Longe de propor a defesa de atitudes imprudentes, o convite aqui é à reflexão que possibilite, inclusive, a sensibilização das pessoas idosas que têm tido dificuldade de seguir as medidas preventivas da covid-19. Isso porque se é difícil sentir empatia pelo que o outro passa, corre-se o risco de ofertar uma proposta de cuidados e propor soluções impessoais e que geram pouca aceitação e aderência ao tratamento.
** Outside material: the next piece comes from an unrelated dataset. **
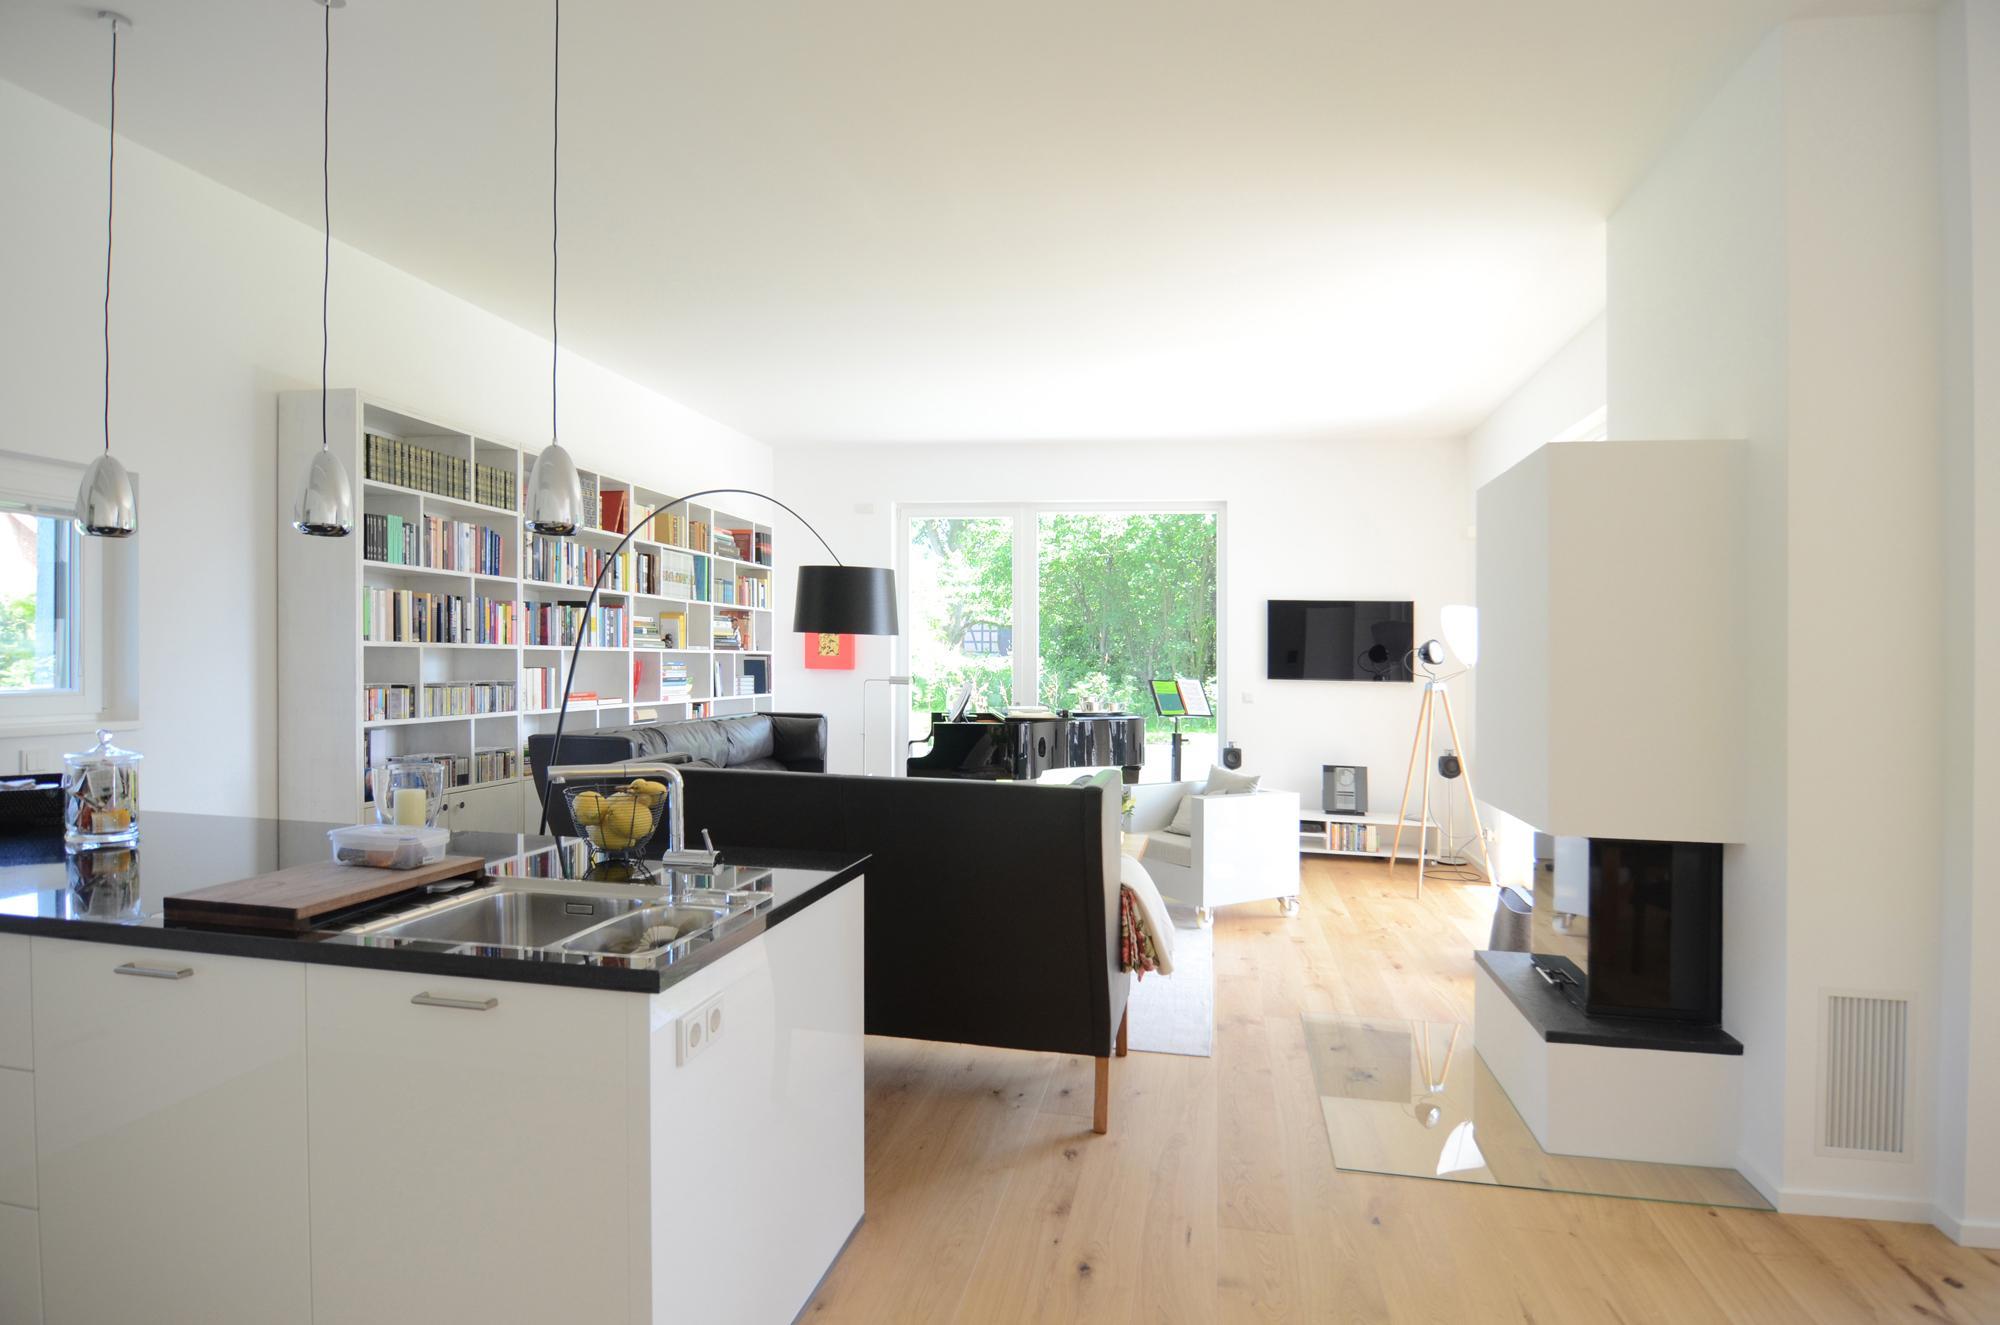 Exceptional Wohnzimmer Mit Küche Und Kamin #küche #wohnzimmer ©Frank Püffel

Dicas de filmes e séries sobre a convivência entre gerações

Rosa e Momo: filme disponível na plataforma Netflix. O encontro entre um adolescente e uma mulher idosa é marcado por conflitos, identificação e aceitação. O vínculo estabelecido leva a transformações importantes na vida de cada um dos protagonistas;

This is us: seriado disponível no Amazon Prime. Intercalando passado, presente e futuro, a série apresenta a história de uma família, acompanhando a vida de cada um dos personagens. Essa alternância do tempo e a dinâmica das relações apresentada em um roteiro comovente e nada clichê são um prato cheio para visualizar como cada história de vida é construída de modo singular, bem como os impactos da bagagem de cada um na resolução de problemas atuais.

Referência:

Música: Caetano Veloso. (1978). Sampa.